Magazines 2017 Jan - Feb From rebel to pastor

From rebel to pastor

30 January 2017 By Kevin Flatt

Baptist pioneer Edward Manning

Like other frontier societies, Nova Scotia in the late 18th century was a place of rapid change with few stable institutions and patterns of life.

This was equally true of the spiritual life of the colony. While many of the settlers had brought religious convictions with them from the American colonies or Britain, at first there were few churches and few pastors. Travelling preachers and evangelists, most famously Henry Alline (1748–84), later called the "apostle of Nova Scotia," had a huge impact, inspiring renewed devotion, changing theological allegiances and provoking controversy.

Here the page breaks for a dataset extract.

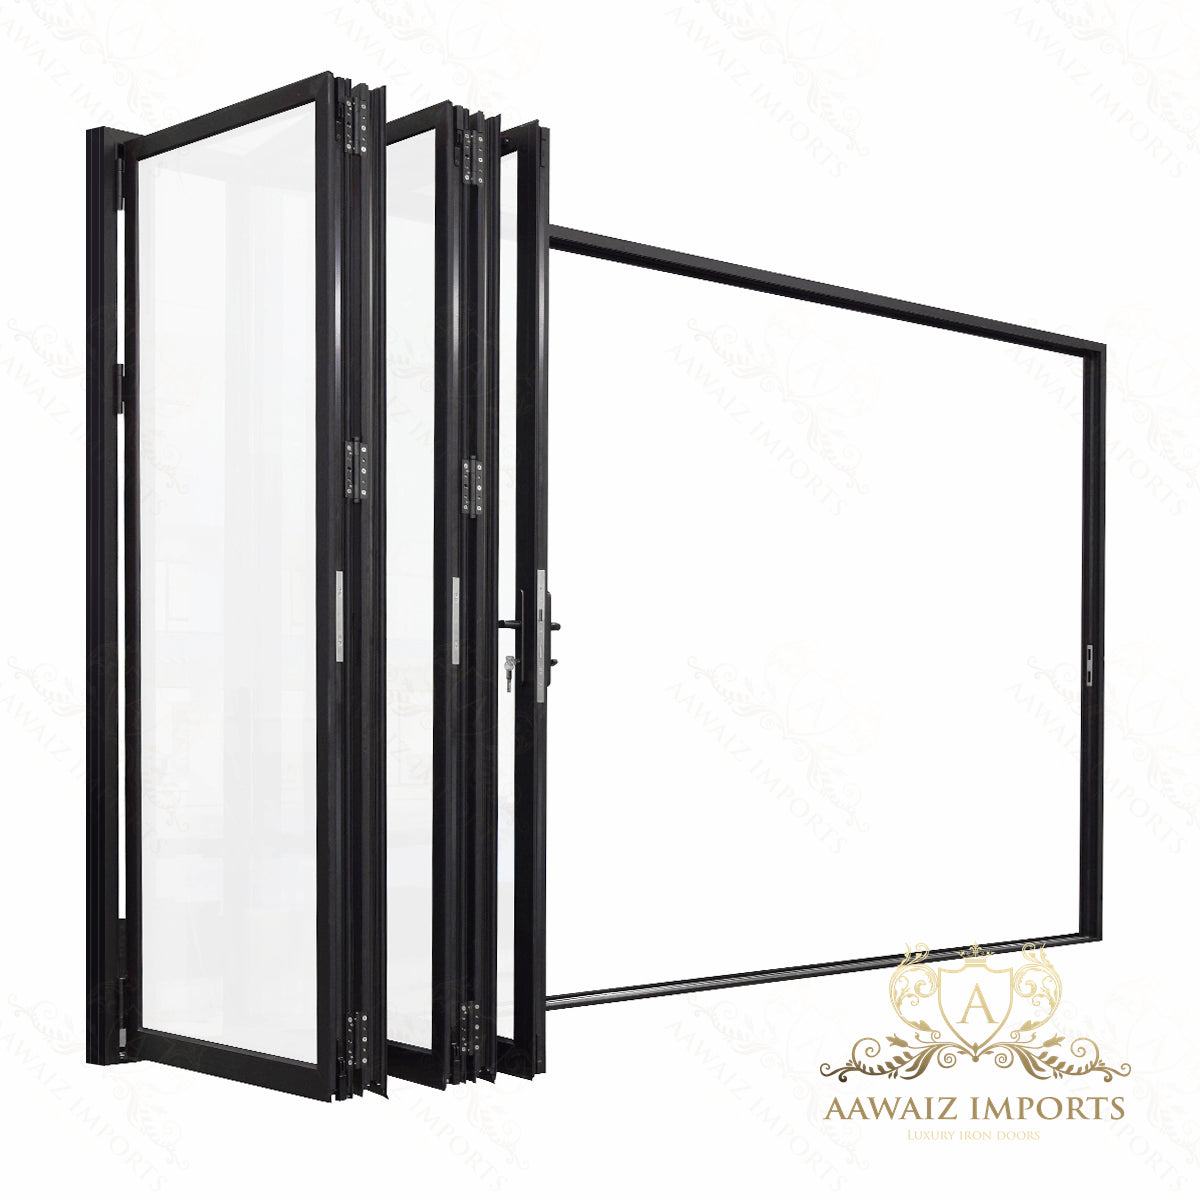 14 Ft Wide By 8 Ft Tall (168" By 96") Aluminum Bi Fold Patio Door Outswing  Thermal Break Insulated Matt Black Finish

In this context, Edward Manning arrived in the colony from Ireland as a three- or four-year-old in 1769/70 with his parents Peter and Rebecca. When he was 10 years old, his father murdered someone and was hanged.

As a teenager Edward seemed to take after his father. He led what he later admitted was a "riotous" life of rebellion against the standards of God and society. Tall and brawny (at 6′4″, very tall by the standards of the day), he was described by a contemporary as a "man of great courage and muscular force." At 16 he and a friend unexpectedly ran into three bears in the woods. They escaped the potentially deadly encounter because Manning killed all three with nothing more than a hatchet.

A change began when Manning heard the great evangelist Alline preach, imploring him with tears in his eyes to accept Jesus. Although he resisted at first, in 1789 he converted at age 23, joined a church in Cornwallis and soon began preaching himself.

ENGRAVING: THE ESTHER CLARK WRIGHT ARCHIVES / ACADIA UNIVERSITY, USED WITH PERMISSION

16: PERCENTAGE OF NOVA SCOTIAN POPULATION THAT WAS BAPTIST IN THE 1827 CENSUS

GEORGE A. RAWLYK, RAVISHED BY THE SPIRIT: RELIGIOUS REVIVALS, BAPTISTS, AND HENRY ALLINE, MCGILL-QUEEN’S UNIVERSITY PRESS, 1984.

These were wild times that fit Manning’s wild streak. Together with a group of other young men, he became a central figure in an extreme movement called the New Dispensation. It taught that believers, because of their direct relationship with God, no longer needed to follow moral rules or church teachings, or even rely on the Bible. They disrupted services and split churches, preaching whatever (they believed) the Spirit led them to preach – no Bible needed.

As had happened before and since in church history, people began to do bizarre and disturbing things under the influence of such ideas. Manning had enough second thoughts that he left the movement in 1792.

Tragically, an incident in 1805 in neighbouring New Brunswick showed just how dangerous the New Dispensation could be. Encouraged by its teachings, a young woman named Sarah Babcock had claimed to be a prophetess and began predicting the Lord would soon return. This message triggered something sinister in her father Amasa. One day he ran through the snow barefoot shouting, "The world is coming to an end!" and when he re-entered the house, he assembled his family and ordered his sister Mercy and brother Jonathan to strip naked – while he sharpened a long knife. Shouting, "The Cross of Christ!" he suddenly and fatally stabbed Mercy. Fortunately the rest of the family came to their senses, escaped, and with the help of neighbours were able to subdue Amasa. He too was hanged for murder.

According to historian George Rawlyk, the incident helped convince Manning he had been right to turn from such "great irregularities." He became a stable pastor of a local church, adopted a carefully worked out system of doctrine (Baptist Calvinism) and promoted sound church organization. Manning strongly agreed with a friend who wrote to him that "Zeal is very useful … but it should be accompanied with wisdom lest it should do, as it has often done, much harm."

Manning was instrumental in setting up an association of pastors and churches that could hold each other accountable, which developed into the main Baptist denomination in the region. He founded Horton Academy, a school for boys in Wolfville, in 1830, and led the drive to start a college which eventually became Acadia University. He successfully challenged unjust laws that limited licenses to perform marriages to only Anglican clergy. He even convinced Nova Scotia Baptists to sponsor their first overseas missionary (Richard E. Burpee), who went to Burma in 1845.

He faced challenges too – poor health for him and his wife, the death of two of his daughters and a congregation that failed to pay him a regular salary. But he devoted the rest of his life to adding wisdom to zeal, and helped lay the foundation for a Maritime evangelicalism that possessed both.